If you would’ve asked me some time ago if I would’ve thought I’d be making my own crackers, I’d say you were nuts (pardon the pun). Back in the day (years and years ago when I could eat gluten), I was a Wheat-Thin addict. Seriously. I’ve also had a serious relationship (shhh) with pretzels, regular and gluten-free. And I have been known to love me some Simple Mills Seed Crackers as of recent. But while I totally appreciate their products, they tend to get expensive and you know, I kinda like to eat them – a lot (sheepish grin). Which is not great on the pocketbook. So I wanted to make my own. And damn – the end result is goooood, if I do say so myself. The bonus? They’re simple to make.
About this nut free paleo cracker recipe
- Super easy and quick to make
- Grain (and therefore gluten) free
- Wonderful when eaten alone (warning: these are dangerous!)
- Delicious served with a dip such as this guacamole or this dip
- Full of healthy fats and fiber
- Versatile – change up the seasonings and make them your own!
What you will need to make nut free paleo crackers
- A high-speed blender helps break down the seeds into a more flour-y consistency so that they don’t taste so seedy. While I haven’t tried it, I’m guessing that a food processor would work as well.
- Silpat non-stick baking sheets help ensure that the crackers cook evenly without fear of sticking.
- Make sure to mix the cracker “dough” with a spatula for best results.
- Cassava flour is gluten and grain-free and a great alternative in this type of baking!
- I topped mine with Trader Joe’s Everything But the Bagel Seasoning Blend and they were deeeelish. If you don’t have a TJ’s near you, click the link I just shared to buy or try adding 1/2 tsp onion flakes or powder and 1/2 tsp garlic powder. Or whatever seasonings strike your fancy!
- Top your dough with wax paper to avoid sticking on the rolling pin.
***I noted it in the recipe, but you’ll want to let your dough chill in the fridge for 30 minutes before rolling it. This helps avoid stickiness.
Delightlfully crunchy and tasty nut-free paleo crackers are perfect for dipping, snacking and on-the-go.
Preheat oven to 350 degrees F. Line a baking sheet (or two) with a Silpat.

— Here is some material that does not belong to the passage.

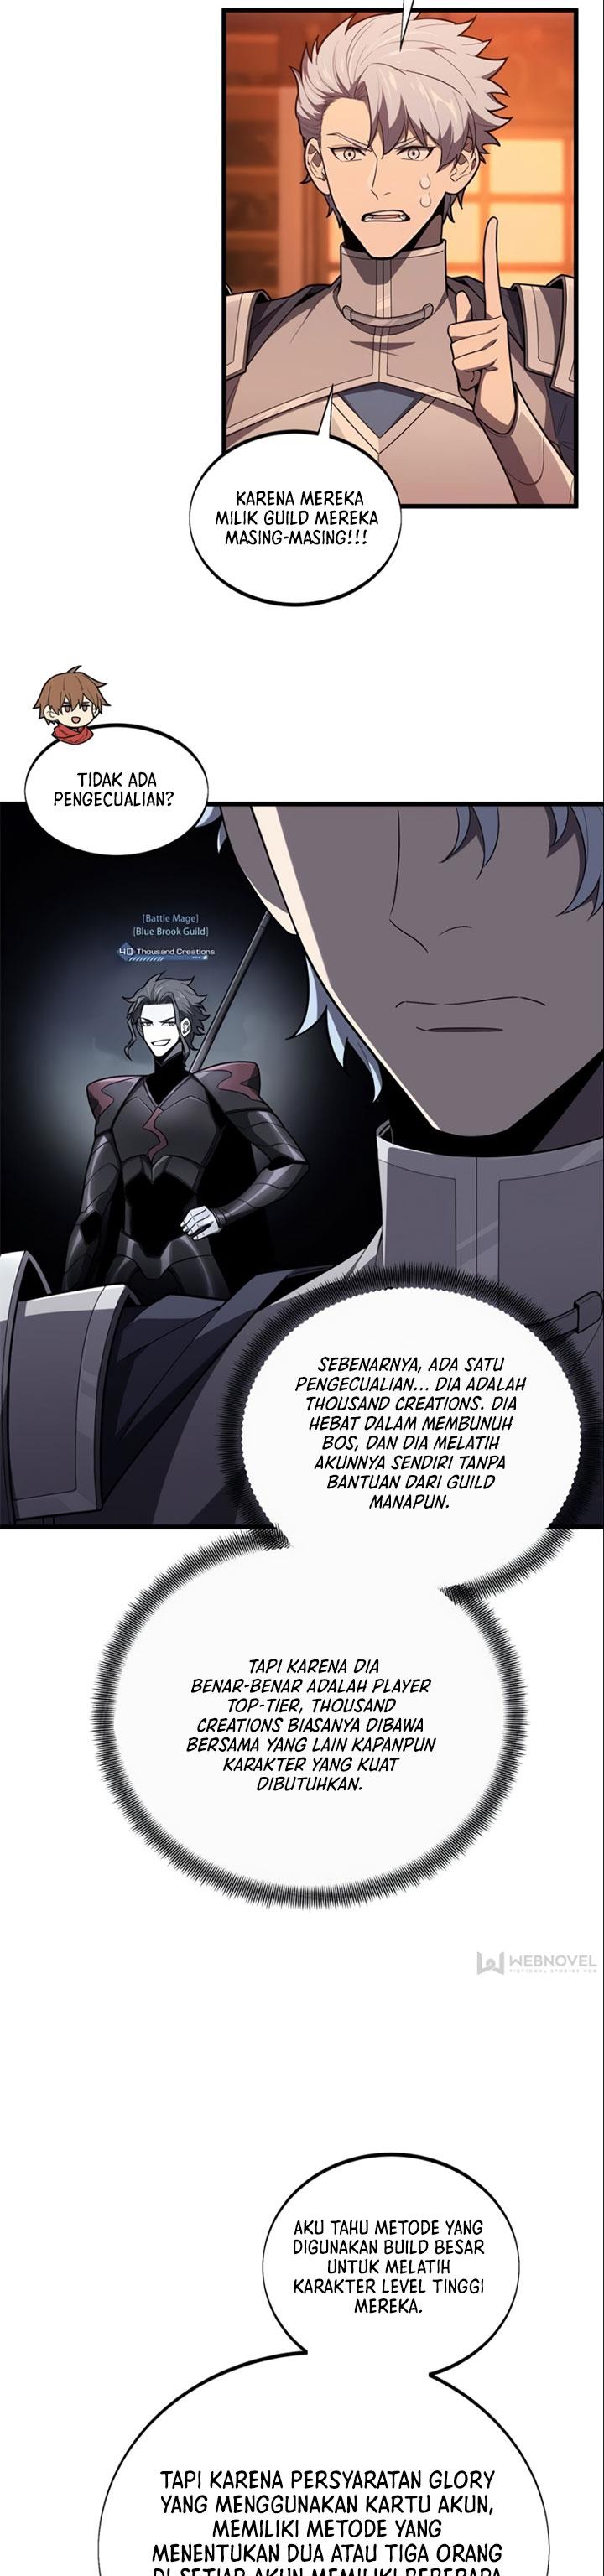 The King’s Avatar Chapter 127

In a high-speed blender (a food processor will likely also work), grind the sunflower, pumpkin, flax and chia seeds together (30 seconds). Dump the ground seeds into a medium-sized bowl, and add the cassava and tapioca flours as well as the salt. Mix to combine.

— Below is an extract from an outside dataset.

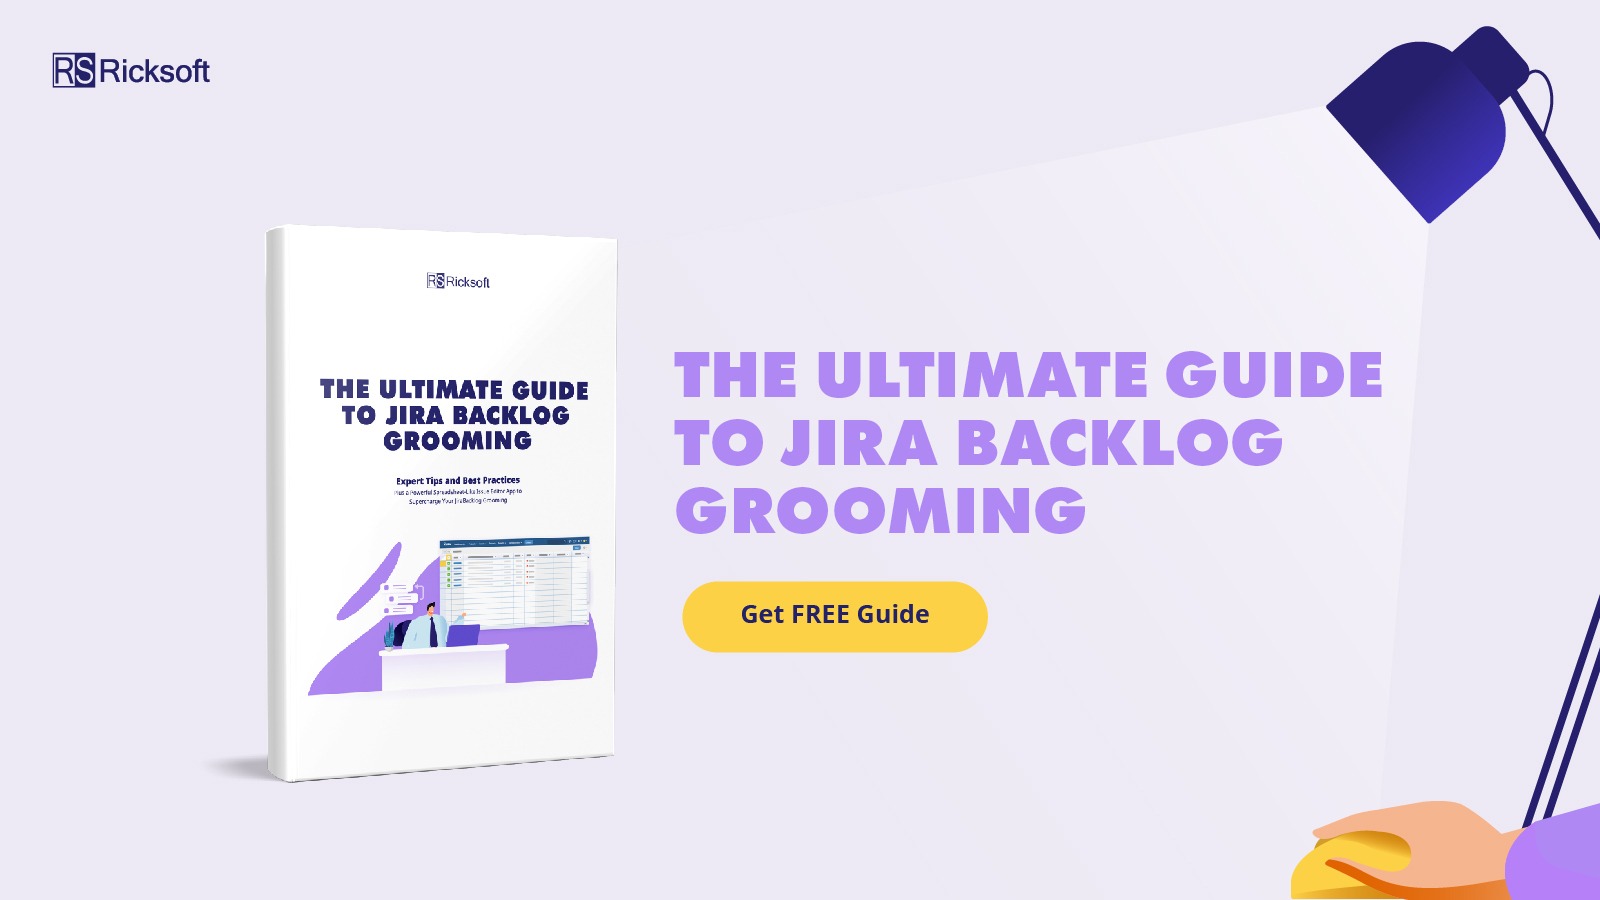 Get your free guide to Jira backlog grooming

Add the water and mix together with a spatula. Dough will be thick. IMPORTANT: Put dough in refrigerator for 30 minutes before removing to roll out.

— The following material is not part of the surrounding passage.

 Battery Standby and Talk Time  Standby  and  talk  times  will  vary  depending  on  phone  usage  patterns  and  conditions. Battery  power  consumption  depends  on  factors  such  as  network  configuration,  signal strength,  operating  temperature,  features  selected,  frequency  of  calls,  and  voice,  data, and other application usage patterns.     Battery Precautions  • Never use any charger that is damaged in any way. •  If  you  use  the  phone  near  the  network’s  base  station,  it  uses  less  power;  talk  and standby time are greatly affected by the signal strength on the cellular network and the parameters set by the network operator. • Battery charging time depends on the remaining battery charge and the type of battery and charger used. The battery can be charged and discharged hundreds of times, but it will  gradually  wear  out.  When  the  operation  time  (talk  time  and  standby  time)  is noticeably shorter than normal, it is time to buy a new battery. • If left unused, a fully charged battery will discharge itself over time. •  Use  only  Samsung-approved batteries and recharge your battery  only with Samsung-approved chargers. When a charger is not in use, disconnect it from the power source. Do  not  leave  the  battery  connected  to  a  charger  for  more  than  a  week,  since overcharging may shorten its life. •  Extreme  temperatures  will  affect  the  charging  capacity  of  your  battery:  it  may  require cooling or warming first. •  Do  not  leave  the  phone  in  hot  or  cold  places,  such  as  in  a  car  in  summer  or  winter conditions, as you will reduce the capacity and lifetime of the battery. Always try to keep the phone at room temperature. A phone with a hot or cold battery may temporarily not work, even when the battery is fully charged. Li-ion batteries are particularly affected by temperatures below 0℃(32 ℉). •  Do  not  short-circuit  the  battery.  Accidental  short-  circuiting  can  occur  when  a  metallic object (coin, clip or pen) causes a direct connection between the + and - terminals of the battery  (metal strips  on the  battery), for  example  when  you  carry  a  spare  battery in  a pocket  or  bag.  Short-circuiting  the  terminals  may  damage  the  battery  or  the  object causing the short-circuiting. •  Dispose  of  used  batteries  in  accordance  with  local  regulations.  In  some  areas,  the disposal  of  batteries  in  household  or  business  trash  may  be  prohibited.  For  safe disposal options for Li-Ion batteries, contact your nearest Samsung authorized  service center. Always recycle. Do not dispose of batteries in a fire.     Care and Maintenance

Place chilled dough on the prepared baking sheet (on top of Silpat) and place a piece of wax paper on top of the dough. Roll with a rolling pin until dough is the thickness of a cracker.
Remove wax paper, and sprinkle seasoning on top. Very gently press seasoning into cracker dough.
Cut with a pizza cutter into cracker shapes before placing in preheated oven for 45 minutes. Check crackers around the 40 minute mark to ensure they are not browning too much. Let cool and enjoy!
I like using a pizza cutter to make square shapes, but I’m sure that other cookie cutters would work well, too. You could even use the top of a round glass if you wanted circular nut free paleo crackers. What would you serve these goodies with?